Top of Given records
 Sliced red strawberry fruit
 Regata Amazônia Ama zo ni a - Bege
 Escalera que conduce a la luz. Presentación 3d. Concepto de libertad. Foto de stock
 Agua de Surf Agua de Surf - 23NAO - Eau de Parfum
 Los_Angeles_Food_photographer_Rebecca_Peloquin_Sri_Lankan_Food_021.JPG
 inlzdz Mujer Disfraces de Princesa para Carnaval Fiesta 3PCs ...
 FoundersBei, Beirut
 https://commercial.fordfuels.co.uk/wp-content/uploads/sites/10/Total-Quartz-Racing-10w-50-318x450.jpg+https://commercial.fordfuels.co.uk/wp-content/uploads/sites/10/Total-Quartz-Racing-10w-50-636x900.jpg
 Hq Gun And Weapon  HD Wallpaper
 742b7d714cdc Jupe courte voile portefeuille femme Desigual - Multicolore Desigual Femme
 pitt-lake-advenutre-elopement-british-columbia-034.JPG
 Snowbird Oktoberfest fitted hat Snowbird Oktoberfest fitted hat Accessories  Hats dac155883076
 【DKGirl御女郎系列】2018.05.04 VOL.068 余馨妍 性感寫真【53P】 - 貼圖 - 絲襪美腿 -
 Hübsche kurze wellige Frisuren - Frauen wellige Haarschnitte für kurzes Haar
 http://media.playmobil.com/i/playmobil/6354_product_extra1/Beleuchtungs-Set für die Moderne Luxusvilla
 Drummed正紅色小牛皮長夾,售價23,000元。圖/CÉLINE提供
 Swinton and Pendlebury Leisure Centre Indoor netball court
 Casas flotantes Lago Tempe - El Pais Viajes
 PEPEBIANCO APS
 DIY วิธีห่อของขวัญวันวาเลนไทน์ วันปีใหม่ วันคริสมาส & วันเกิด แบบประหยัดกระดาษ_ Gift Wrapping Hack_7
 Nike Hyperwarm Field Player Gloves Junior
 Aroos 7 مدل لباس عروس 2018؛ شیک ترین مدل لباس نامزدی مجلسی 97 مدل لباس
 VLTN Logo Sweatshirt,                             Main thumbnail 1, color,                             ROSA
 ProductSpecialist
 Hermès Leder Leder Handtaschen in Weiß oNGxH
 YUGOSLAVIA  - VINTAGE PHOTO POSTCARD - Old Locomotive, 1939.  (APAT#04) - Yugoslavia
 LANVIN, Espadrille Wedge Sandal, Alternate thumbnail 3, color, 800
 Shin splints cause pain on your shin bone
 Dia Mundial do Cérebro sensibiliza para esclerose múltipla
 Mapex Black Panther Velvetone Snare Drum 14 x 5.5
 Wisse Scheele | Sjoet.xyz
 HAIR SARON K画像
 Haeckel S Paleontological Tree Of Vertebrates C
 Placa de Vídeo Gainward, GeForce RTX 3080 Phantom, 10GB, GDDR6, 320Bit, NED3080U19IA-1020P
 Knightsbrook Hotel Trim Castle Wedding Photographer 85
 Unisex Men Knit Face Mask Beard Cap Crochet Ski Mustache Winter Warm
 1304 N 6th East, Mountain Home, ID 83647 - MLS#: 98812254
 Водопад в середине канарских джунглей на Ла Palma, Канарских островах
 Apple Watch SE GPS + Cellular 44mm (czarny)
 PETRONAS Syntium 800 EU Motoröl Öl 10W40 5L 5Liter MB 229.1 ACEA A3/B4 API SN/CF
Bottom of Given records
**Your task**
Write the data out in full, matching every line exactly.

**Reply**
 Sliced red strawberry fruit
 Regata Amazônia Ama zo ni a - Bege
 Escalera que conduce a la luz. Presentación 3d. Concepto de libertad. Foto de stock
 Agua de Surf Agua de Surf - 23NAO - Eau de Parfum
 Los_Angeles_Food_photographer_Rebecca_Peloquin_Sri_Lankan_Food_021.JPG
 inlzdz Mujer Disfraces de Princesa para Carnaval Fiesta 3PCs ...
 FoundersBei, Beirut
 https://commercial.fordfuels.co.uk/wp-content/uploads/sites/10/Total-Quartz-Racing-10w-50-318x450.jpg+https://commercial.fordfuels.co.uk/wp-content/uploads/sites/10/Total-Quartz-Racing-10w-50-636x900.jpg
 Hq Gun And Weapon  HD Wallpaper
 742b7d714cdc Jupe courte voile portefeuille femme Desigual - Multicolore Desigual Femme
 pitt-lake-advenutre-elopement-british-columbia-034.JPG
 Snowbird Oktoberfest fitted hat Snowbird Oktoberfest fitted hat Accessories  Hats dac155883076
 【DKGirl御女郎系列】2018.05.04 VOL.068 余馨妍 性感寫真【53P】 - 貼圖 - 絲襪美腿 -
 Hübsche kurze wellige Frisuren - Frauen wellige Haarschnitte für kurzes Haar
 http://media.playmobil.com/i/playmobil/6354_product_extra1/Beleuchtungs-Set für die Moderne Luxusvilla
 Drummed正紅色小牛皮長夾,售價23,000元。圖/CÉLINE提供
 Swinton and Pendlebury Leisure Centre Indoor netball court
 Casas flotantes Lago Tempe - El Pais Viajes
 PEPEBIANCO APS
 DIY วิธีห่อของขวัญวันวาเลนไทน์ วันปีใหม่ วันคริสมาส & วันเกิด แบบประหยัดกระดาษ_ Gift Wrapping Hack_7
 Nike Hyperwarm Field Player Gloves Junior
 Aroos 7 مدل لباس عروس 2018؛ شیک ترین مدل لباس نامزدی مجلسی 97 مدل لباس
 VLTN Logo Sweatshirt,                             Main thumbnail 1, color,                             ROSA
 ProductSpecialist
 Hermès Leder Leder Handtaschen in Weiß oNGxH
 YUGOSLAVIA  - VINTAGE PHOTO POSTCARD - Old Locomotive, 1939.  (APAT#04) - Yugoslavia
 LANVIN, Espadrille Wedge Sandal, Alternate thumbnail 3, color, 800
 Shin splints cause pain on your shin bone
 Dia Mundial do Cérebro sensibiliza para esclerose múltipla
 Mapex Black Panther Velvetone Snare Drum 14 x 5.5
 Wisse Scheele | Sjoet.xyz
 HAIR SARON K画像
 Haeckel S Paleontological Tree Of Vertebrates C
 Placa de Vídeo Gainward, GeForce RTX 3080 Phantom, 10GB, GDDR6, 320Bit, NED3080U19IA-1020P
 Knightsbrook Hotel Trim Castle Wedding Photographer 85
 Unisex Men Knit Face Mask Beard Cap Crochet Ski Mustache Winter Warm
 1304 N 6th East, Mountain Home, ID 83647 - MLS#: 98812254
 Водопад в середине канарских джунглей на Ла Palma, Канарских островах
 Apple Watch SE GPS + Cellular 44mm (czarny)
 PETRONAS Syntium 800 EU Motoröl Öl 10W40 5L 5Liter MB 229.1 ACEA A3/B4 API SN/CF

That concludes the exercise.